Und für den Hund wäre es besser NICHT in gechlortem Wasser zu schwimmen. 

@dönerjero: Ich hoffe doch, dass diese Idee ein Scherz war? 



dönerjero schrieb:


> Da ich weder Pflanzen noch Tiere darin brauche wäre meine Idee einfach eine Chlortablette reinzuschmeißen. Klappt bei Pools doch auch super.


----------



## Knarf1969 (8. Sep. 2020)

Klingt nach der Lösung eines faulen Teichbesitzers 

da wirst du dir wohl schon die Hände und Füße schmutzig machen müssen, um das Teil sauber zu bekommen. Außerdem eines kann ich dir sagen: ich hatte früher einen Pool im Garten: in solch einen Teich müsstest du eimerweise Chlor schütten. Das verbraucht sich auch sehr stark und ist auch ziemlich teuer. Also lieber Ärmel hochkrempeln!
Liebe Grüße
Frank


----------



## lollo (8. Sep. 2020)

Throphol schrieb:


> mache ihn 10 m tief



Moin,

hast du das schon mal gemacht?


----------



## Throphol (8. Sep. 2020)

lollo schrieb:


> Moin,
> 
> hast du das schon mal gemacht?




Nein - natürlich nicht, aber dann könnte es vom Aufbau her ein natürliches Gewässer werden. Lies doch mal meine Beiträge - sind noch nicht so viele, aber sie behandeln oft dieses Thema.

Gruß
Wolf


----------



## lollo (9. Sep. 2020)

Throphol schrieb:


> Lies doch mal meine Beiträge



Moin Wolf,

ich lese alle Beiträge hier.  Du wirst aber keinen finden der sich im Reihenhausgarten einen 10 m tiefen Teich baut, findest aber unzählige Teiche
die nicht so tief sind und trotzdem stabil laufen.


----------



## Lion (9. Sep. 2020)

lollo schrieb:


> Moin Wolf,
> 
> ich lese alle Beiträge hier.  Du wirst aber keinen finden der sich im Reihenhausgarten einen 10 m tiefen Teich baut, findest aber unzählige Teiche
> die nicht so tief sind und trotzdem stabil laufen.



Lollo,
ich kenne aber keine Teiche, ob in Reihenhausgärten oder wo auch immer, die wie dänerjero das ganze
mit C h l o r behandeln oder behandeln möchten. 

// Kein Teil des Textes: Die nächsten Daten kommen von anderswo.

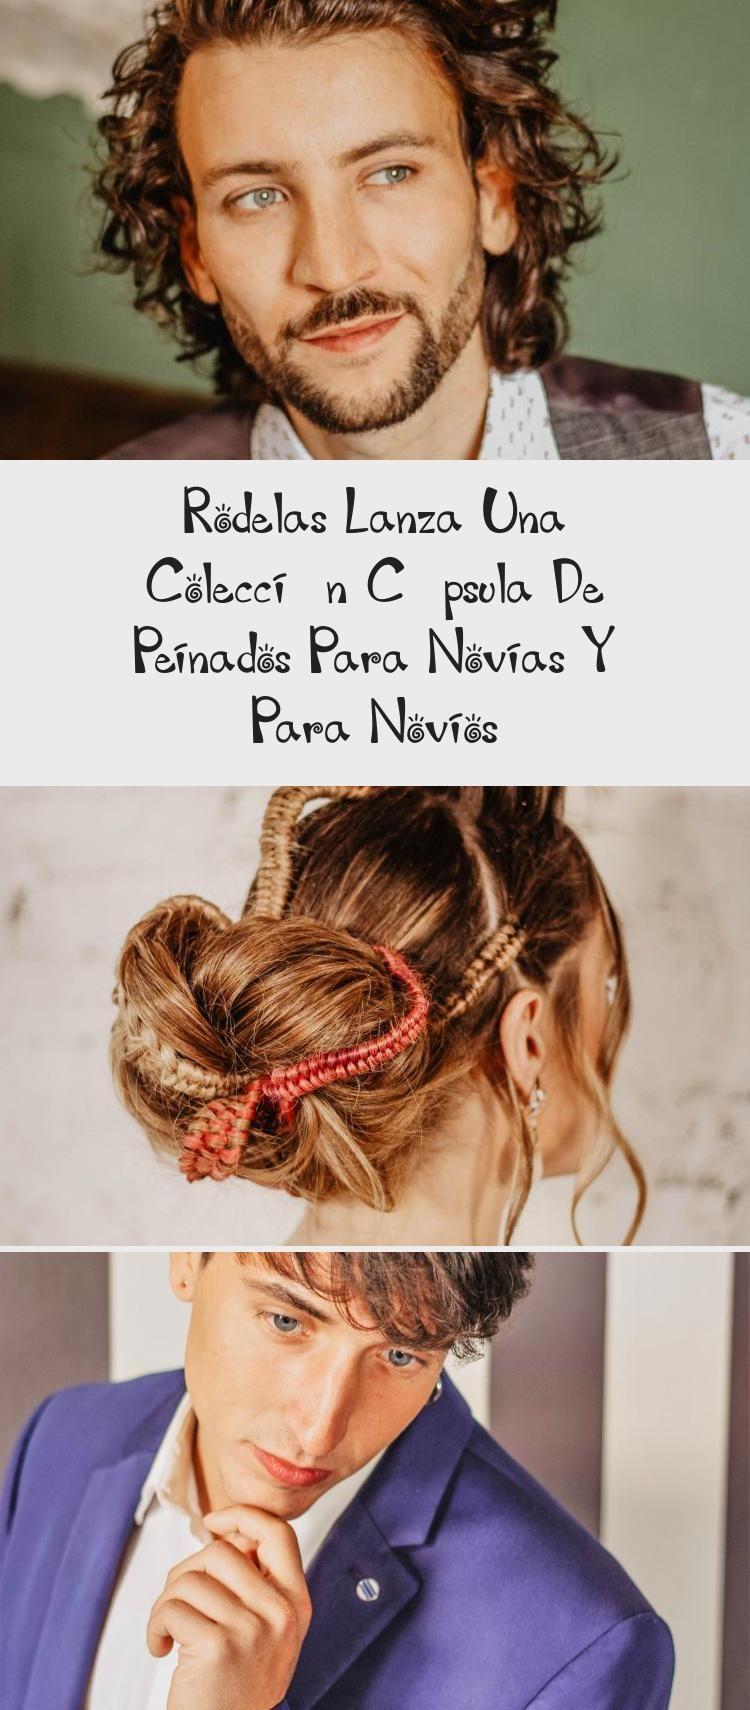 Rodelas Lanza Una Colección Cápsula De Peinados Para Novias Y Para Novios – Wedding Hair
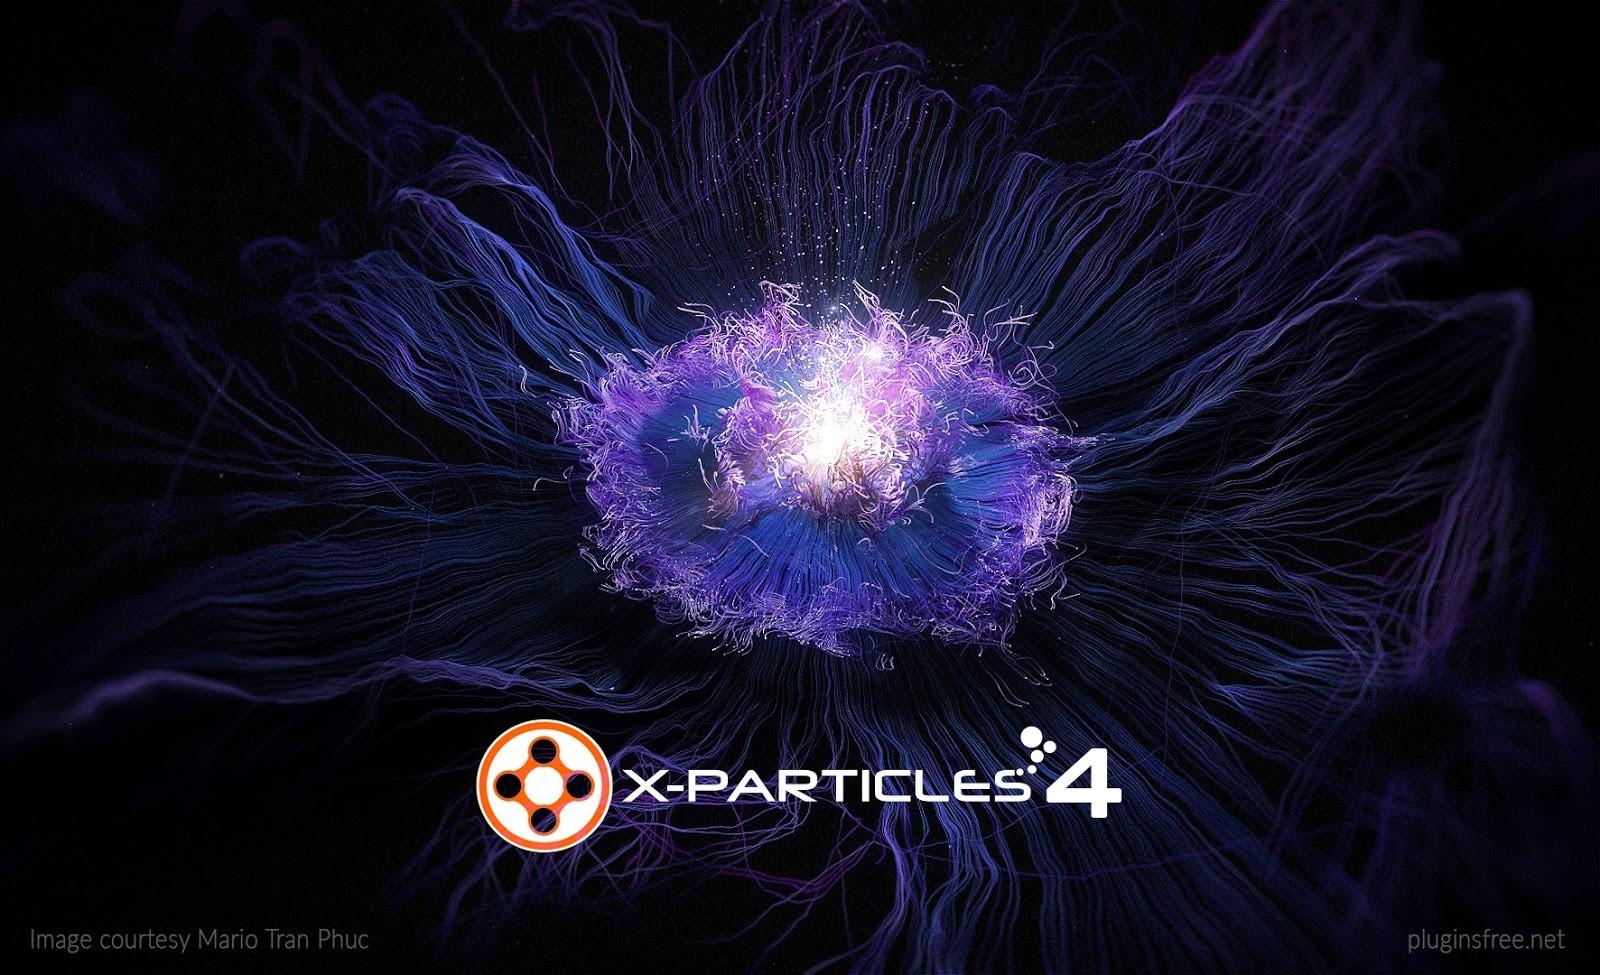 X Particle 4 Download For Cinema 4d - NullPk | Digital Platform

dänerjero möchte christal klares Wasser, ohne Technik und ohne Arbeitsaufwand, 
also ein paar Löffel Chlor im Grundwasser kippen und hofft, dass dann sein Naturteich sauber ist.
(diesen Traum hat wohl jeder)

Evtl. könnte der Vorschlag von Wolf die Lösung sein.

 Léon


----------



## lollo (9. Sep. 2020)

Lion schrieb:


> das ganze
> mit C h l o r behandeln oder behandeln möchten.



Mahlzeit,

ich kenne solche Teiche auch nicht, da empfehle ich dann doch einen Pool.


----------



## Throphol (9. Sep. 2020)

Wenn es ohne Technik gehen soll, muss man der Natur den Raum bieten, den sie braucht zu funktionieren. Ich meine halt, dass insbesondere die Tiefe das Problem bei den kleinen Teichen ist, weil die lichtlose Zone fehlt, wo Prozesse ablaufen, die ein solcher Teich brauchen würde......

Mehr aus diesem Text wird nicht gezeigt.